Imlunestrant

Clinical data
- Pronunciation: /ˌɪmlʊˈnɛstrənt/ IM-luu-NES-trənt
- Trade names: Inluriyo
- Other names: LY3484356, LY-3484356
- AHFS/Drugs.com: Monograph
- MedlinePlus: a625104
- License data: US DailyMed: Imlunestrant;
- Routes of administration: By mouth
- Drug class: Estrogen receptor antagonist
- ATC code: None;

Legal status
- Legal status: US: ℞-only; EU: Rx-only;

Identifiers
- IUPAC name (5R)-5-[4-[2-[3-(Fluoromethyl)azetidin-1-yl]ethoxy]phenyl]-8-(trifluoromethyl)-5H-chromeno[4,3-c]quinolin-2-ol;
- CAS Number: 2408840-26-4; as tosylate: 2408840-41-3;
- PubChem CID: 146603228;
- DrugBank: DB19043;
- ChemSpider: 115010421;
- UNII: 9CXQ3PF69U; as tosylate: F7UDT90EW5;
- KEGG: D12216; as tosylate: D12217;
- ChEMBL: ChEMBL5095183;

Chemical and physical data
- Formula: C_{29}H_{24}F_{4}N_{2}O_{3}
- Molar mass: 524.516 g·mol^{−1}
- 3D model (JSmol): Interactive image;
- SMILES C1C(CN1CCOC2=CC=C(C=C2)[C@@H]3C4=C5C=CC(=CC5=NC=C4C6=C(O3)C=C(C=C6)C(F)(F)F)O)CF;
- InChI InChI=1S/C29H24F4N2O3/c30-13-17-15-35(16-17)9-10-37-21-5-1-18(2-6-21)28-27-23-8-4-20(36)12-25(23)34-14-24(27)22-7-3-19(29(31,32)33)11-26(22)38-28/h1-8,11-12,14,17,28,36H,9-10,13,15-16H2/t28-/m1/s1; Key:UVBQMXOKKDCBJN-MUUNZHRXSA-N;

= Imlunestrant =

Chemical compound

Imlunestrant, sold under the brand name Inluriyo, is an anti-cancer medication used for the treatment of breast cancer. It is an estrogen receptor antagonist. It is used as the salt, imlunestrant tosylate. It is taken by mouth. It was developed by Eli Lilly and Company.

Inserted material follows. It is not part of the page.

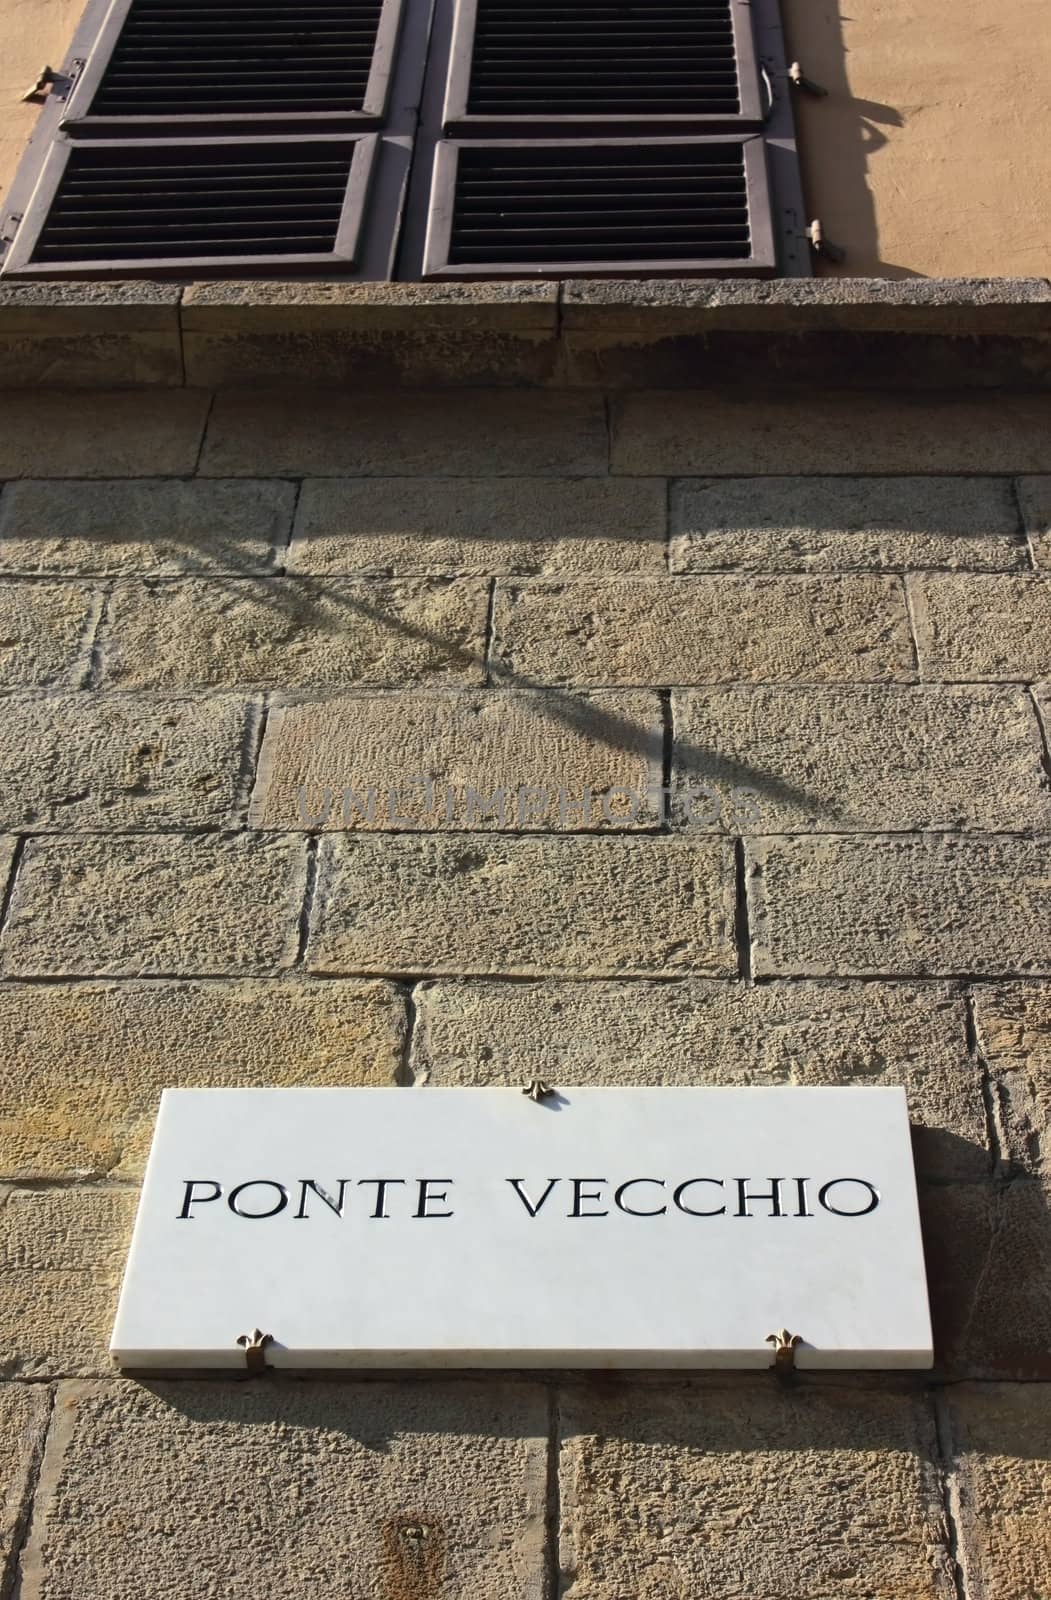 Ponte vecchio wall sign at the begging of the famous bridge in Florence.
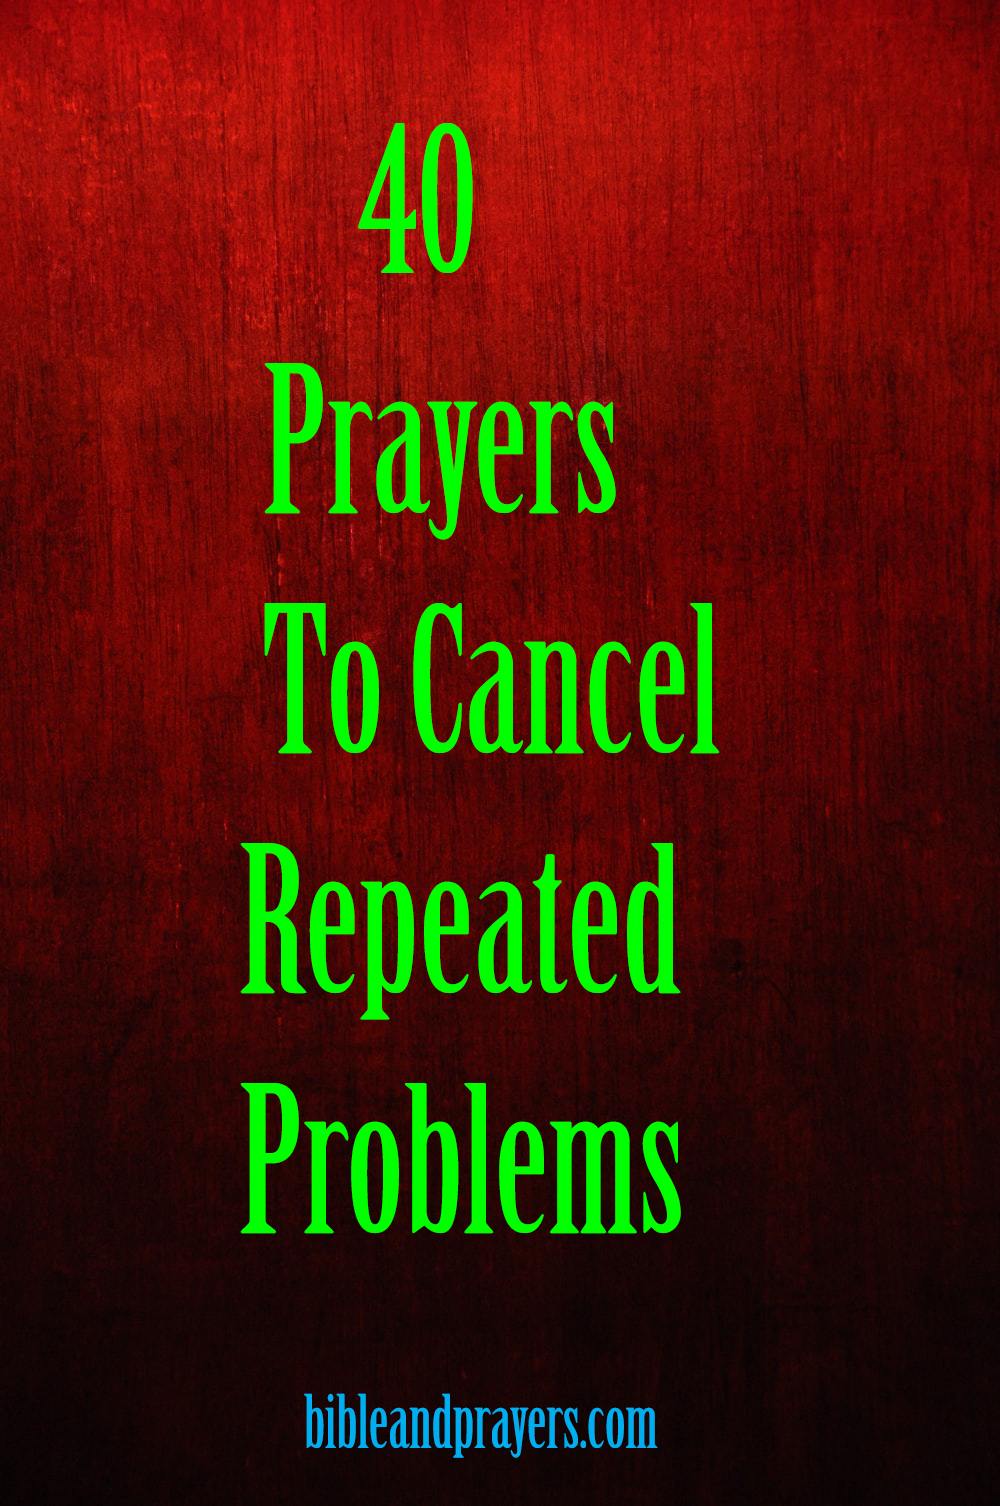 40 Prayers To Cancel Repeated Problems

The most common adverse events and laboratory abnormalities include decreased hemoglobin, musculoskeletal pain, decreased calcium, decreased neutrophils, increased aspartate transaminase, fatigue, diarrhea, increased alanine transaminase, increased triglycerides, nausea, decreased platelets, constipation, increased cholesterol, and abdominal pain.

Imlunestrant was approved for medical use in the United States in September 2025, and in the European Union in January 2026.

== Medical uses ==
Imlunestrant is indicated for the treatment of adults with estrogen receptor-positive, human epidermal growth factor receptor 2-negative, estrogen receptor 1-mutated advanced or metastatic breast cancer with disease progression following at least one line of endocrine therapy.

In September 2026, the US indication for imlunestrant was expanded to be used in combination with abemaciclib for the treatment of adults with estrogen receptor-positive, human epidermal growth factor receptor 2-negative, ESR1-mutated locally advanced or metastatic breast cancer, as detected by an FDA-authorized test, with disease progression following at least one line of endocrine therapy.

== Adverse effects ==
The US prescribing information for imlunestrant includes warnings and precautions for embryo-fetal toxicity.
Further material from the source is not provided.